■ What is being asked ■
Those lines of the records that contain "Stock" are to be located and copied.
>>>>>
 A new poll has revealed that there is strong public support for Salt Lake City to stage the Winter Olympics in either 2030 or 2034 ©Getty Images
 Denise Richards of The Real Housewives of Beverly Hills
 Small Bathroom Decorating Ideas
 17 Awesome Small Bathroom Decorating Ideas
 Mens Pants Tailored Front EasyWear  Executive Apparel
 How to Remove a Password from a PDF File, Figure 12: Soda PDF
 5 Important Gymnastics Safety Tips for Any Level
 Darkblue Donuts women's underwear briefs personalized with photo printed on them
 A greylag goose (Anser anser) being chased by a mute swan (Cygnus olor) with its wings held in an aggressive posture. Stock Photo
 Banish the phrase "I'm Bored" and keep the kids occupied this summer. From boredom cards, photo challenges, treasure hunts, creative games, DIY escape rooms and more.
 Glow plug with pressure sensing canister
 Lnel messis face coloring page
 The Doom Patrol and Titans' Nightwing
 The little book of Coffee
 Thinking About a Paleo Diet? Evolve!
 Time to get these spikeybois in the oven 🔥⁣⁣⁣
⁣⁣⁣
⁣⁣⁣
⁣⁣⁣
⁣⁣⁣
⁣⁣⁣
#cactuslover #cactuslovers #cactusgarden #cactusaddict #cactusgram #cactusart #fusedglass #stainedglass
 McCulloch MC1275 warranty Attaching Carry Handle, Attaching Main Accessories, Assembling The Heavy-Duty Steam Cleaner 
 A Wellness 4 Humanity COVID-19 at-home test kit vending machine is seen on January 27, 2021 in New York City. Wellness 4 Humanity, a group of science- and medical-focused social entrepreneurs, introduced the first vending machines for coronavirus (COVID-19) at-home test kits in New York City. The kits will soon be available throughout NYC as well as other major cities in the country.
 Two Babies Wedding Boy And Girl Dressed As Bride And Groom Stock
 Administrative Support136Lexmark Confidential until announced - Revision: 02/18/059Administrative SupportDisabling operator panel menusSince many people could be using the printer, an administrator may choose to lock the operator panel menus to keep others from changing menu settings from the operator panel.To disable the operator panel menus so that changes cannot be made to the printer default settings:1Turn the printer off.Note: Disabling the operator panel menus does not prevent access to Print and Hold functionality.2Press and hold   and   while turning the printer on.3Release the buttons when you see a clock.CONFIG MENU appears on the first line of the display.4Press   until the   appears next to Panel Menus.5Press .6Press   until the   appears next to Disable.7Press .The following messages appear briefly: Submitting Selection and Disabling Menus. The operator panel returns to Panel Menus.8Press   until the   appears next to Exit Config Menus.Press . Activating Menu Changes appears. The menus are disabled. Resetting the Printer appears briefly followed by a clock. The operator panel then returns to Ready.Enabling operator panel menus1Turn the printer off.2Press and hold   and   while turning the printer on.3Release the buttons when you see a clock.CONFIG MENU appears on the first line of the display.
<<<<<
■ Written response ■
 A greylag goose (Anser anser) being chased by a mute swan (Cygnus olor) with its wings held in an aggressive posture. Stock Photo
 Two Babies Wedding Boy And Girl Dressed As Bride And Groom Stock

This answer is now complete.